Пошли вдоль забора искать спуск к воде и мостки у свай. Отыскали, едва не свалившись на лед. Поглядели. Демьян Пугач даже хотел выйти на те мостки - Текуса не пустила.
- Тихо ты, нехристь… - приказала она. - Замри… Сани…
И точно - от Московского форштадта вниз по Двине катили небольшие санки. Они миновали Клюверсхольм, пронеслись вдоль Кипенхольма и пропали во мраке.
- Вот ведь собрался кто-то на ночь глядя в Усть-Двинск, - засмеялся Демьян. - Не иначе, к зазнобе! Славно-то как!
Засмеялась и Текуса - удивительно нежным смехом. Эти двое, сами - счастливые, благословляли чье-то краденое счастье. А Маликульмульк вздохнул - радостно, должно быть, лететь этак зимней ночкой к милой своей душеньке, да только не всем дано. И даже коли остановились бы сейчас тут нарядные санки, коли сказал бы бойкий кучер: "За вами, барин, послано, уж так ждут!" - все кончилось бы именно вздохом и взмахом руки: езжай, мол, братец, не судьба…
- А коли не тут - то где могут вынести бальзам? - спросил он.
- Где большие ворота - там вряд ли… - Текуса задумалась. - На мысу разве, где заколоченные избы? Там тоже калитка есть. Можно подогнать санки по Зунде, и по Зунде уйти, никто не заметит. Или, наоборот, выбраться там же на берег - и к Агенсбергу. Это коли бальзам в Митаву повезут.
- А коли в Ригу?
- Тогда - берегом, берегом, до Газенхольма, а там - к Московскому форштадту, - ответил Демьян. - Сдается мне, что нам надобно разделиться.

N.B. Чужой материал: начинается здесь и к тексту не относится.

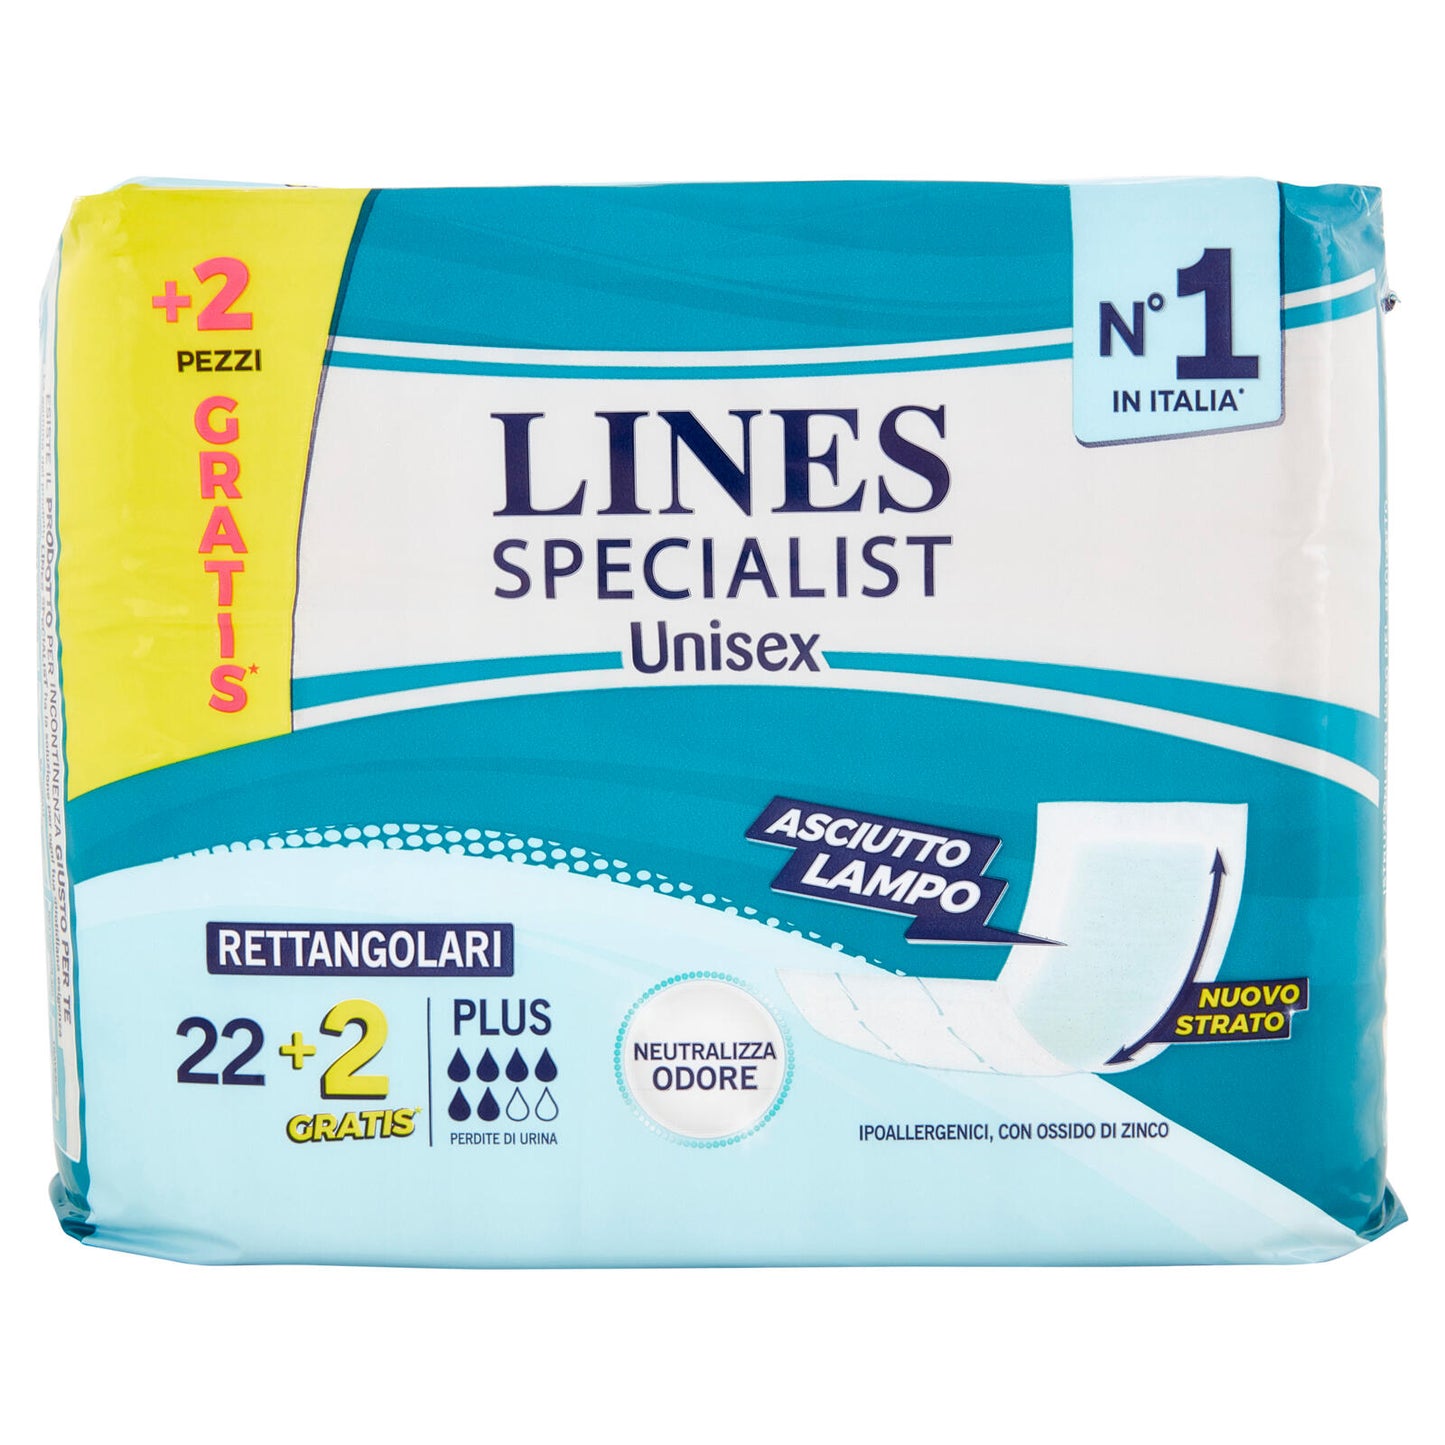 Lines Specialist Unisex Rettangolari Plus 22+2 pz

Двое тут останутся, один к мысу пойдет.
- Вот ты и пойдешь, - решила Текуса, - а мы с добрым барином останемся. Встанем к забору, я буду в дырку поглядывать…

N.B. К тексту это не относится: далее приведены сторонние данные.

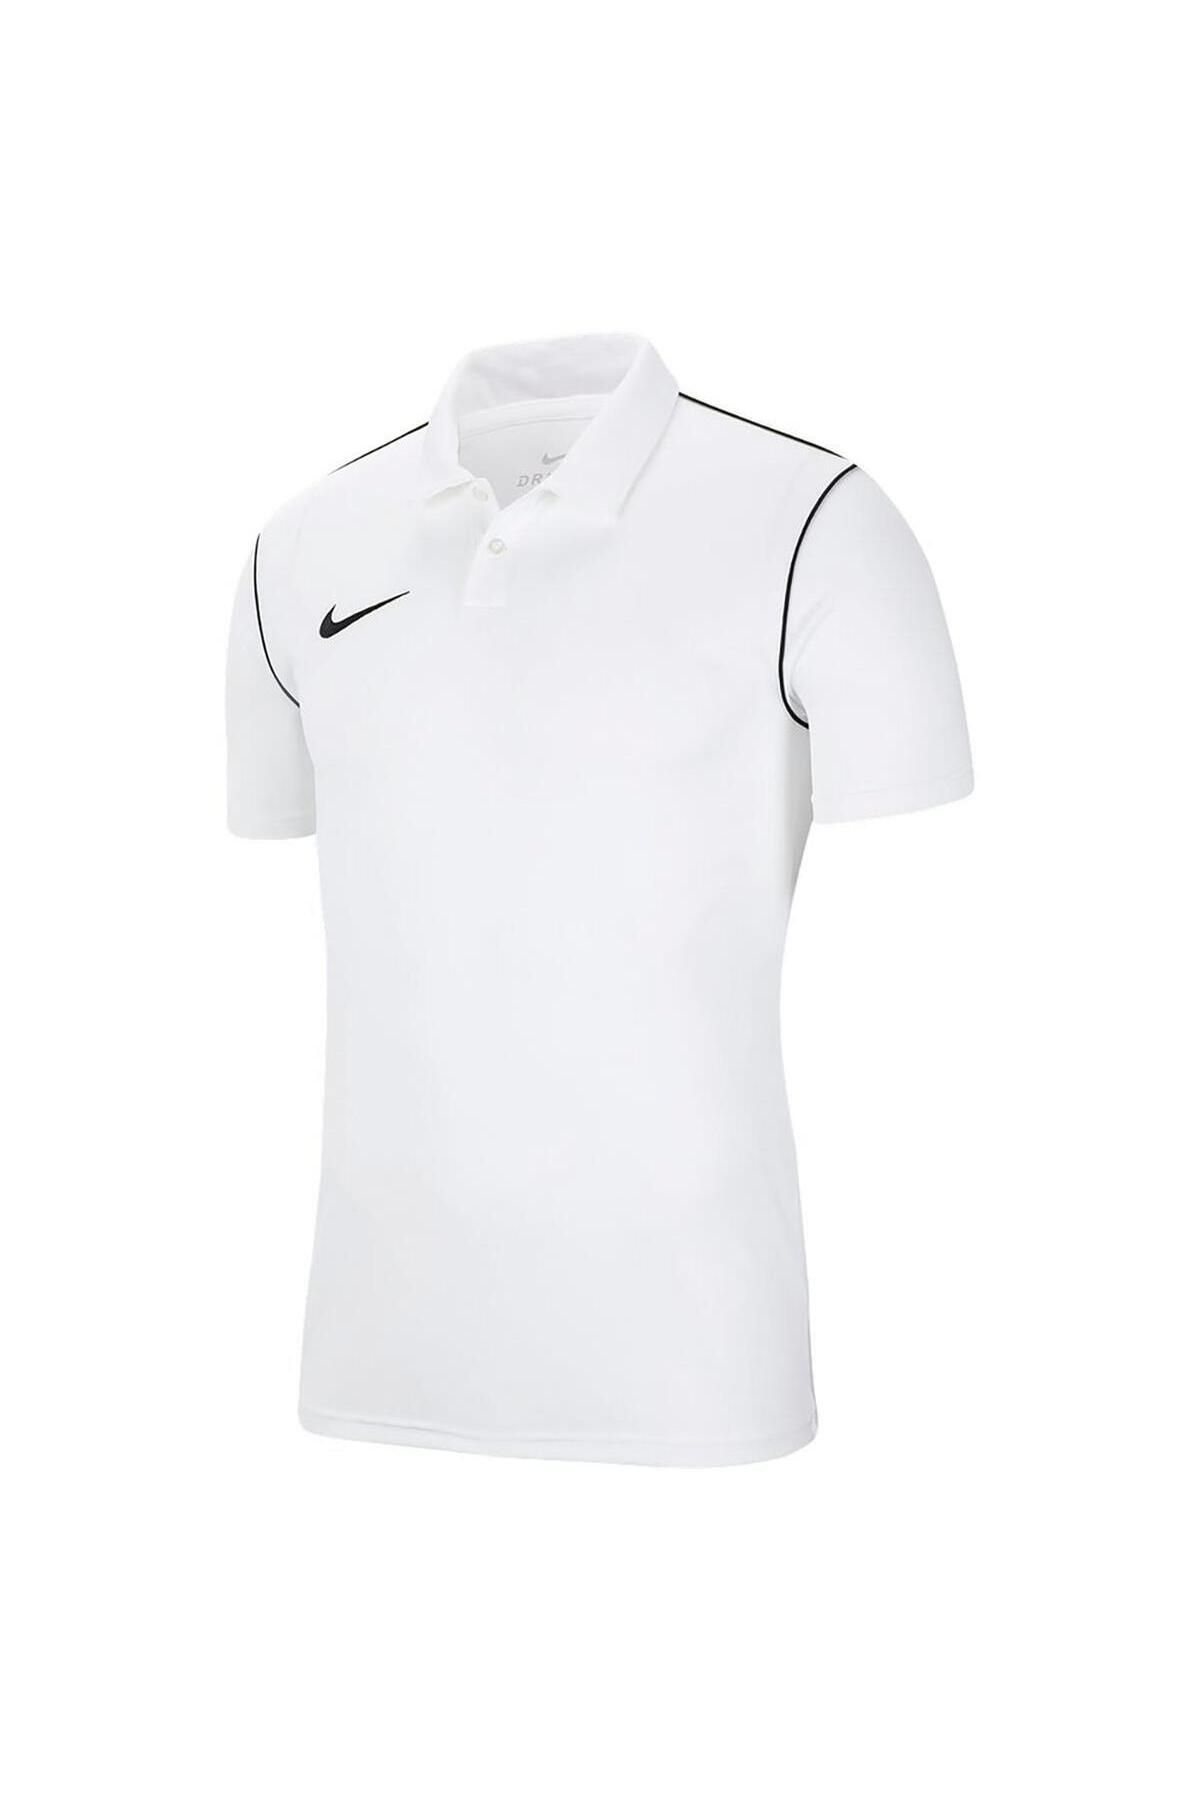 Nike Dry Park Erkek Beyaz Futbol Polo Tişört Bv6879-100

- А чего поглядывать? Вот тут стойте. Как сани подкатят к мосткам, так, стало быть, они за краденым товаром. Ты, Текуса Васильевна, барина зря не гоняй, видишь - ему по снегу ходить тяжко, пусть стоит. А сама, как поймешь, что бутыли или бочата выносят, дуй ко мне!
- А вот как ты вздумал выслеживать этих воров потом?

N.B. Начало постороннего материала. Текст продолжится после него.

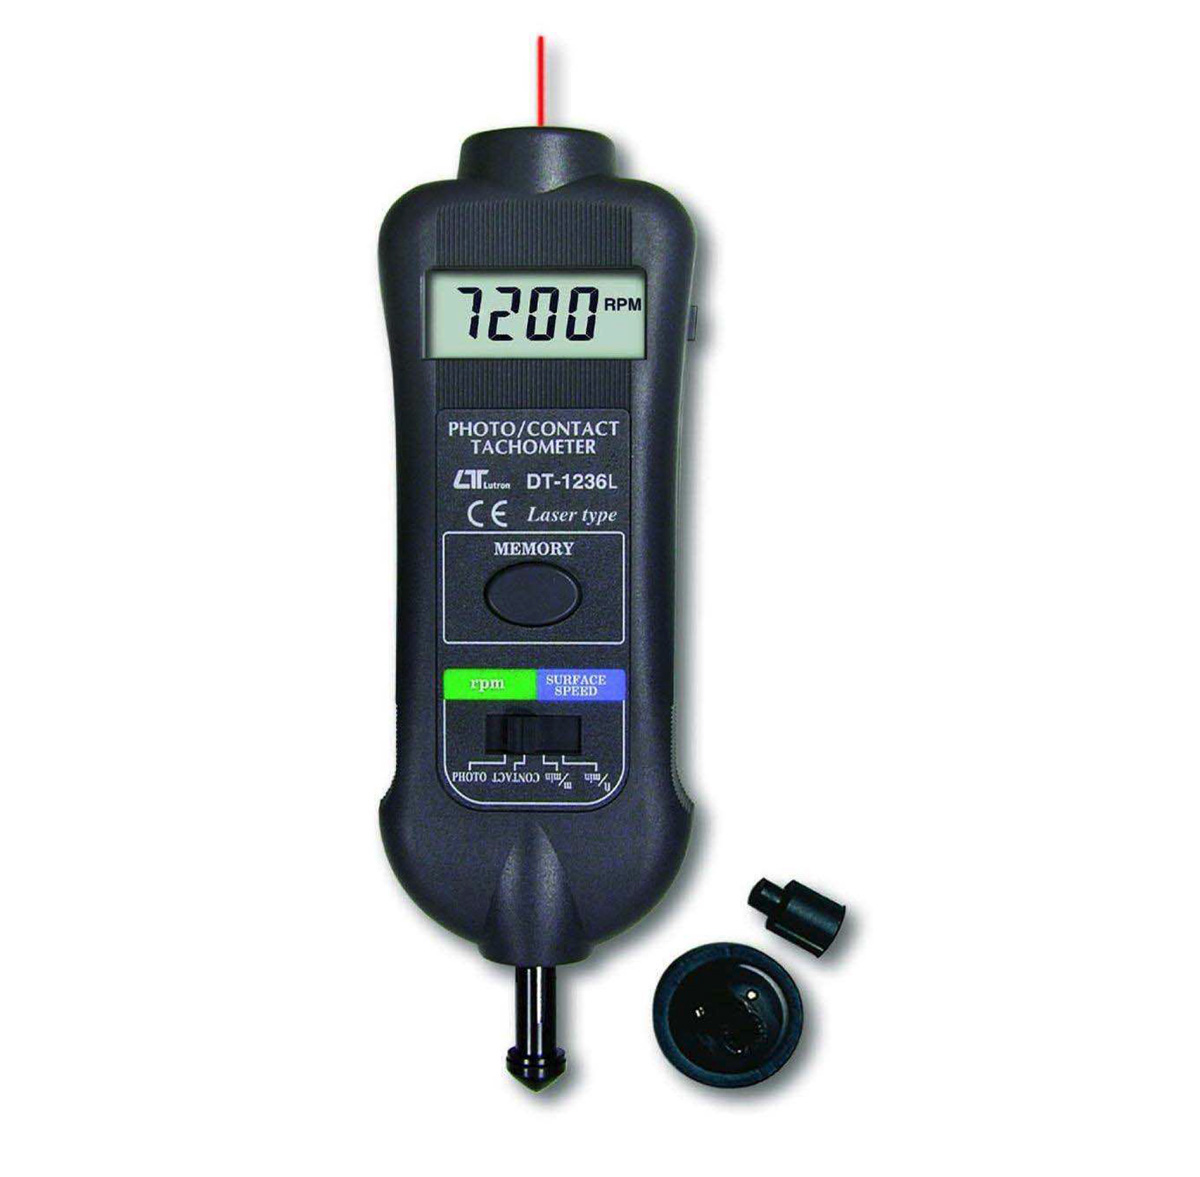 Tacómetro digital láse y contacto distancia de medición de hasta 200cm, LUTRON DT-1236L, comprar tacometro digital laser

- А Господь надоумит. Ежели что - знак прежний.
- Ступай с Богом, - Текуса перекрестила дружка.
Они остались вдвоем и стояли над рекой. Напротив смутно виднелись острые шпили рижских церквей со знаменитыми петухами. На маленьких бастионах, что глядели на реку, мелькали огоньки - шла смена караулов. Некоторые замковые окна также светились, и Маликульмульк позавидовал тем, кто сейчас за этими окнами сидит в теплых комнатах, читает книжки, лакомится, играет в карты.
И тоскливая мысль заныла, засверлила - да какой же бес занес его в этот немецкий город? Как вышло, что он, человек комнатный, кабинетный, поздним вечером торчит на каком-то Богом забытом острове по колено в снегу? А голова полна каких-то нелепых склок и интриг, от которых ему самому - ни малейшей пользы? Ему нужна лишь одна интрига - та, что в комедии "Пирог", вот ее выписать, расцветить шутками и двусмысленностями, но не грубыми, а занятными… и как было бы славно сейчас сидеть в углу гостиной, проходить с Тараторкой ее роль!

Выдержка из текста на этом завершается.